I am new to python/numpy. I need to do the following calculation: for an array of discrete times t, calculate $e^{At}$ for a $2\times 2$ matrix $A$

What I did:

def calculate(t_,x_0,v_0,omega_0,c):

    # define A
    a_11,a_12, a_21, a_22=0,1,-omega_0^2,-c
    A =np.matrix([[a_11,a_12], [a_21, a_22]]) 
    print A
    # use vectorization 
    temps = np.array(t_)
    A_ = np.array([A  for k in  range (1,n+1,1)])
    temps*A_
    x_=scipy.linalg.expm(temps*A)
    v_=A*scipy.linalg.expm(temps*A)
    return x_,v_

n=10
omega_0=1
c=1
x_0=1
v_0=1
t_ = [float(5*k*np.pi/n)  for k in  range (1,n+1,1)]
x_, v_ = calculate(t_,x_0,v_0,omega_0,c)

However, I get this error when multiplying A_ (array containing n times A ) and temps (containg the times for which I want to calculate exp(At) :

ValueError: operands could not be broadcast together with shapes (10,) (10,2,2)

As I understand vectorization, each element in A_ would be multiplied by element at the same index from temps; but I think i don't get it right. Any help/ comments much appreciated

A pure numpy calculation of t_ is (creates an array instead of a list):

In [254]: t = 5*np.arange(1,n+1)*np.pi/n
In [255]: t
Out[255]: 
array([ 1.57079633,  3.14159265,  4.71238898,  6.28318531,  7.85398163,
        9.42477796, 10.99557429, 12.56637061, 14.13716694, 15.70796327])

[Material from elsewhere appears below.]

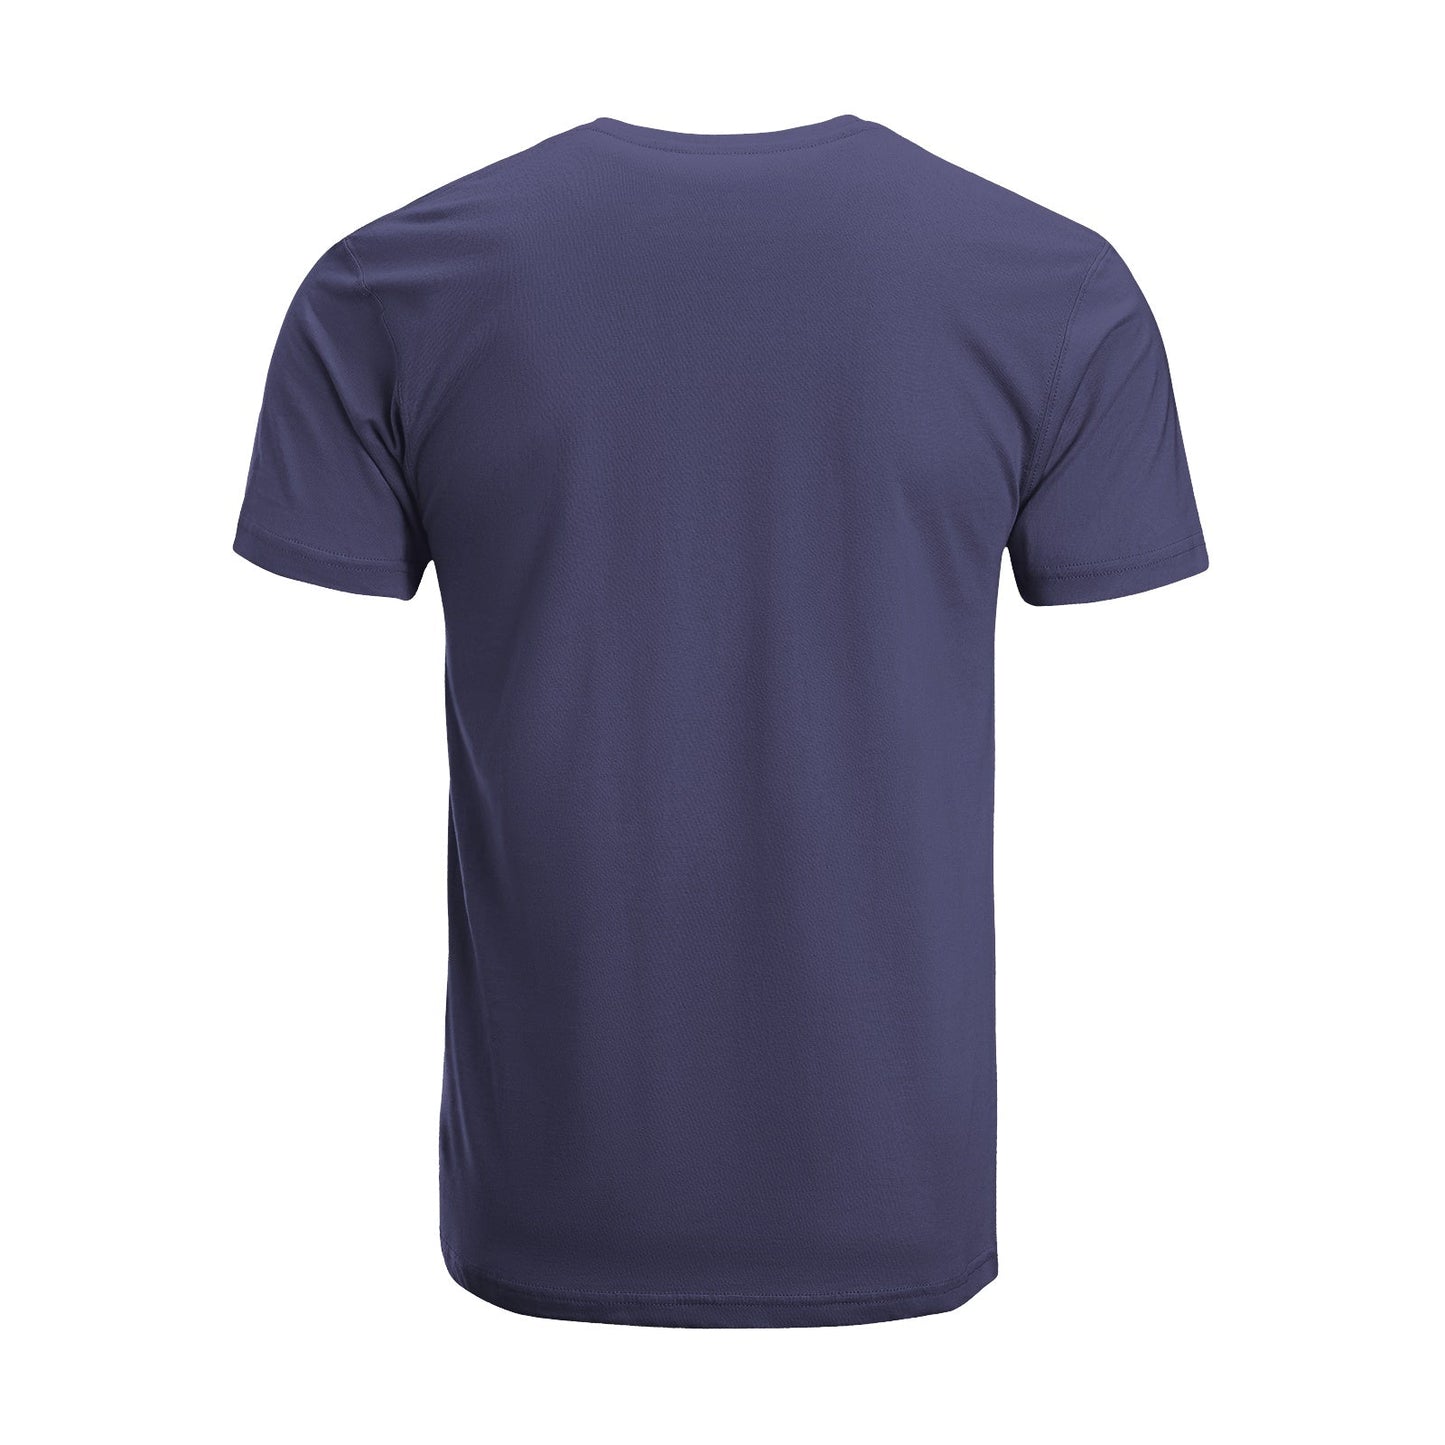 Unisex Short Sleeve Crew Neck Cotton Jersey T-Shirt CAT 49 - Tara-Outfits.com

In [256]: a_11,a_12, a_21, a_22=0,1,-omega_0^2,-c
In [257]: a_11
Out[257]: 0
In [258]: A = np.array([[a_11,a_12], [a_21, a_22]]) 
In [259]: A
Out[259]: 
array([[ 0,  1],
       [-3, -1]])
In [260]: t.shape
Out[260]: (10,)
In [261]: A.shape
Out[261]: (2, 2)
In [262]: A_ = np.array([A  for k in  range (1,n+1,1)])
In [263]: A_.shape
Out[263]: (10, 2, 2)

A_ is np.ndarray. I made A a np.ndarray as well; yours is np.matrix, but your A_ will still be np.ndarray. np.matrix can only be 2d, where as A_ is 3d.

So t * A will be array elementwise multiplication, hence the broadcasting error, (10,) (10,2,2).

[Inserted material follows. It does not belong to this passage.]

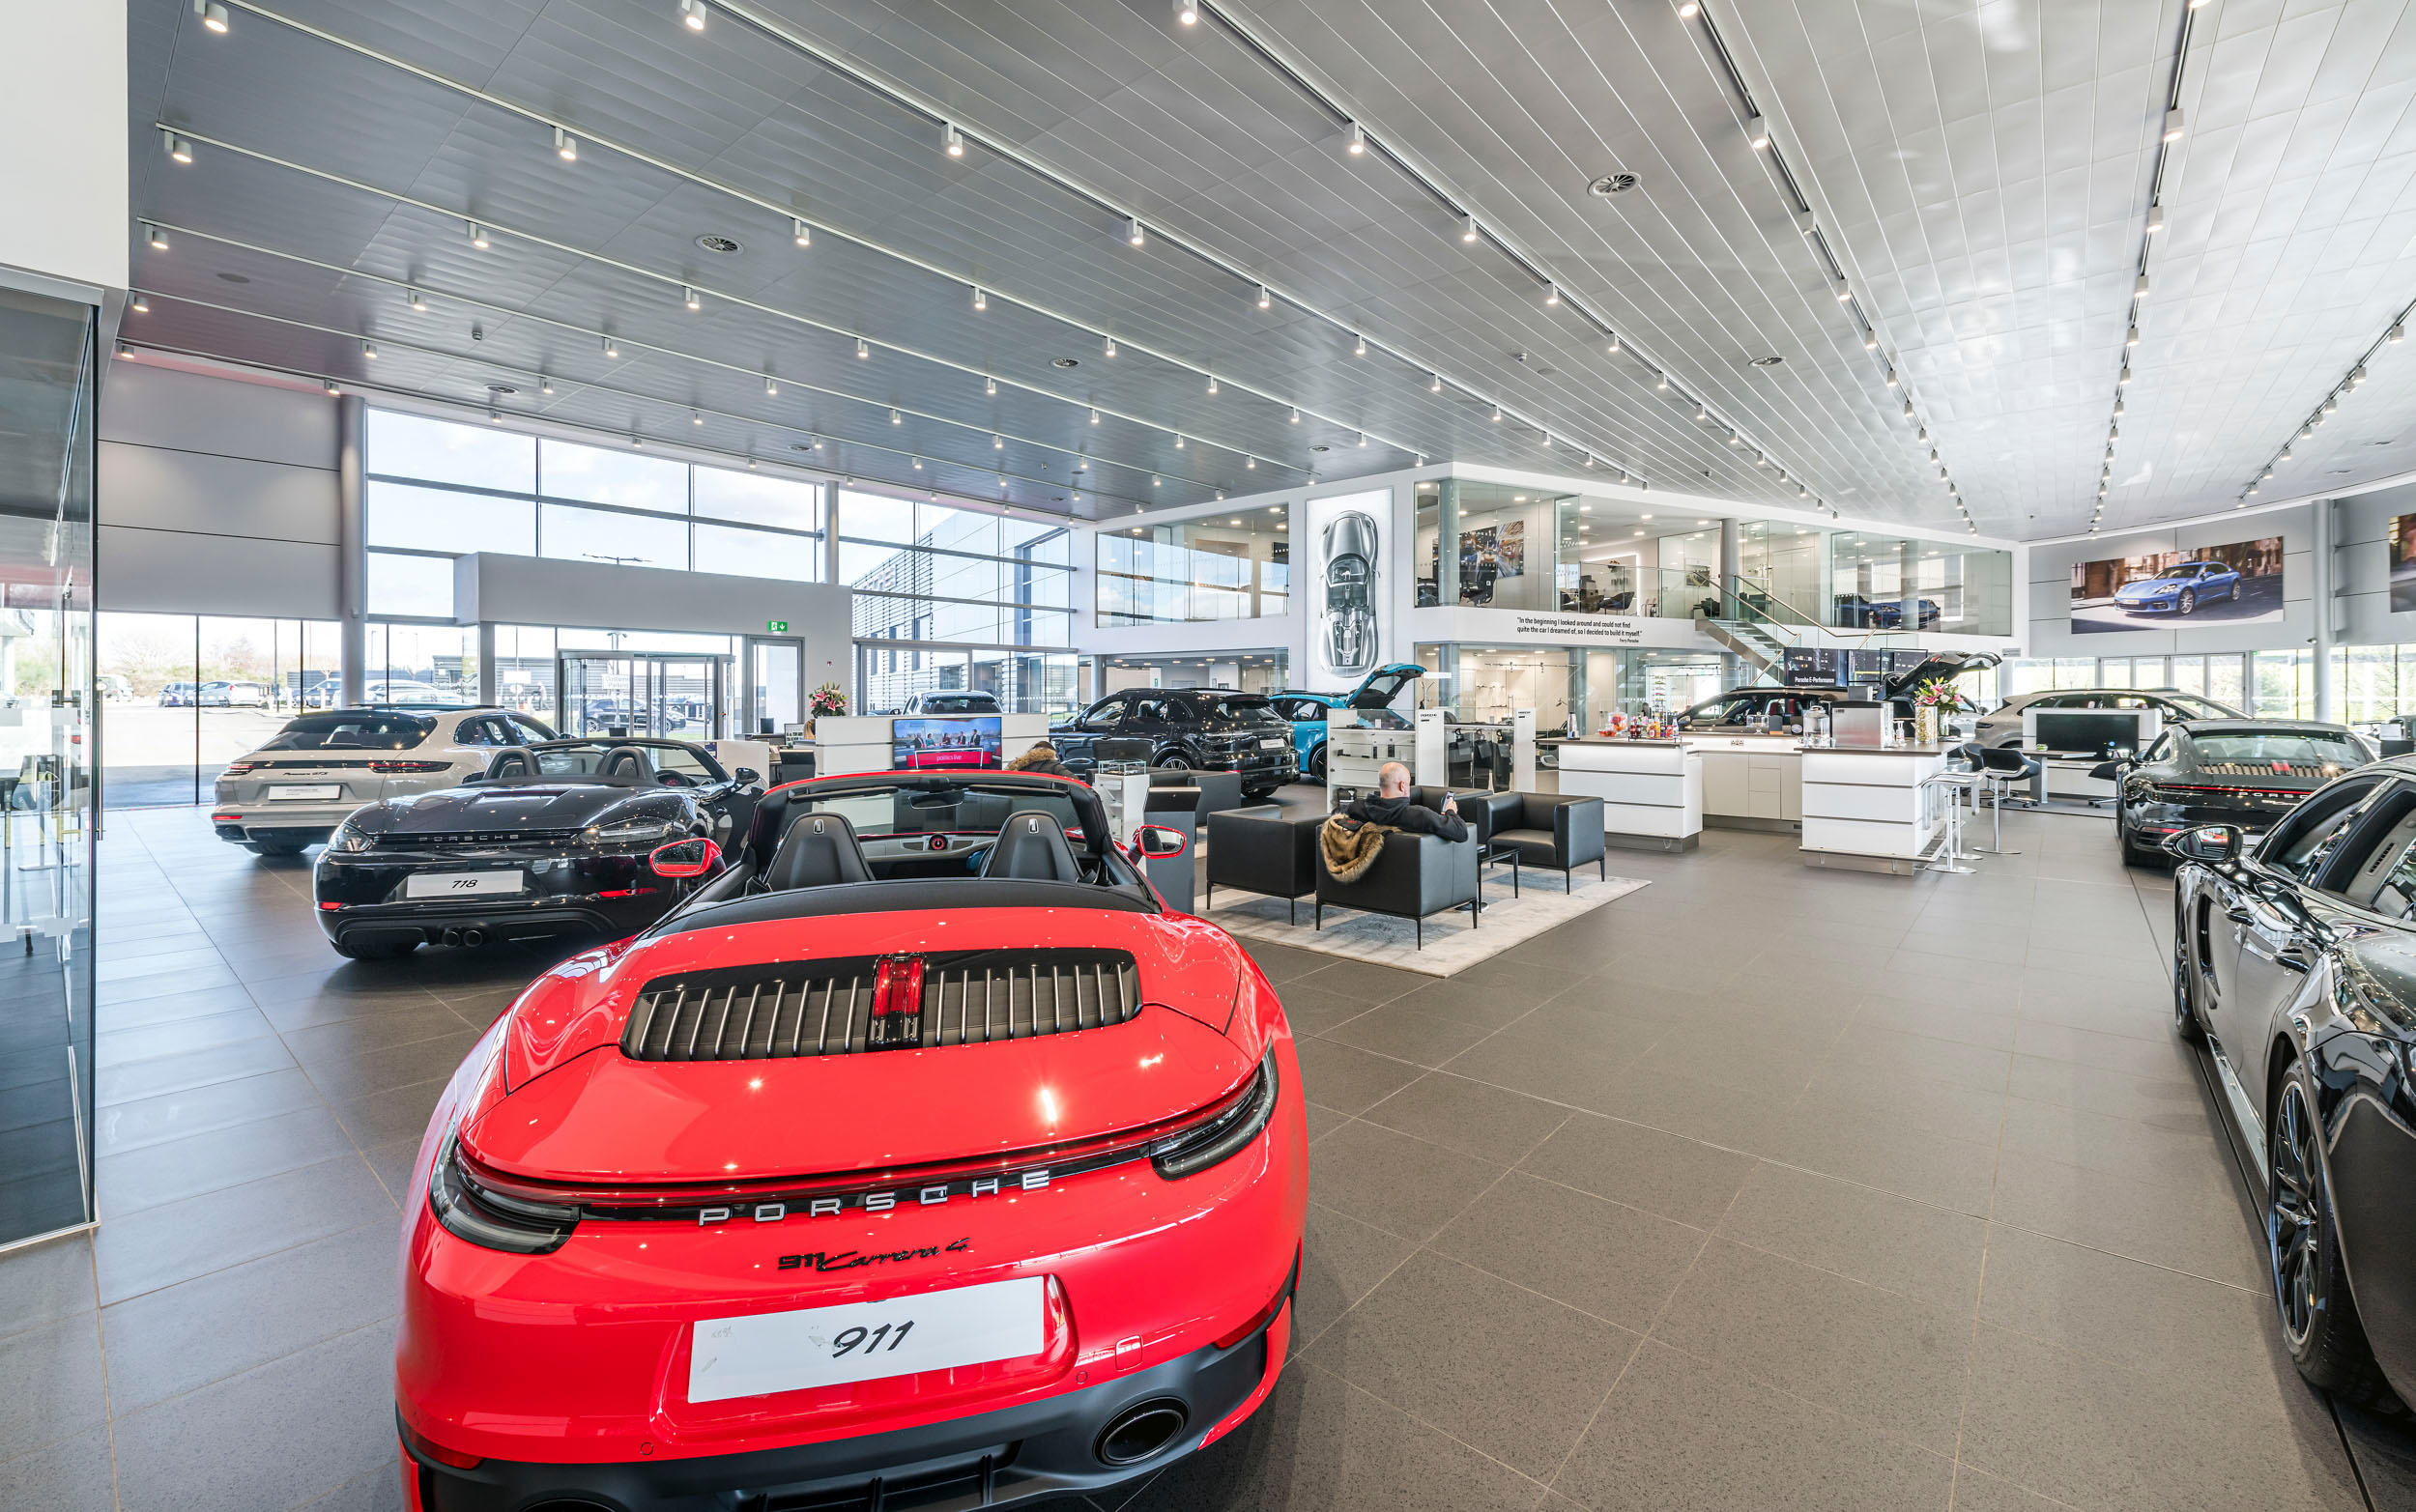 Porsche Centre Edinburgh Edinburgh 01314 755000

To do that elementwise multiplication right you need something like

In [264]: result = t[:,None,None]*A[None,:,:]
In [265]: result.shape
Out[265]: (10, 2, 2)

But if you want matrix multiplication of the (10,) with (10,2,2), then einsum does it easily:

In [266]: result1 = np.einsum('i,ijk', t, A_)
In [267]: result1
Out[267]: 
array([[   0.        ,   86.39379797],
       [-259.18139392,  -86.39379797]])

np.dot can't do it because its rule is 'last with 2nd to last'. tensordot can, but I'm more comfortable with einsum.

But that einsum expression makes it obvious (to me) that I can get the same thing from the elementwise *, by summing on the 1st axis:

In [268]: (t[:,None,None]*A[None,:,:]).sum(axis=0)
Out[268]: 
array([[   0.        ,   86.39379797],
       [-259.18139392,  -86.39379797]])

Or (t[:,None,None]*A[None,:,:]).cumsum(axis=0) to get a 2x2 for each time.

This is what I would do.

import numpy as np
from scipy.linalg import expm
A = np.array([[1, 2], [3, 4]])
for t in np.linspace(0, 5*np.pi, 20):
    print(expm(t*A))

No attempt at vectorization here. The expm function applies to one matrix at a time, and it surely takes the bulk of computation time. No need to worry about the cost of multiplying A by a scalar.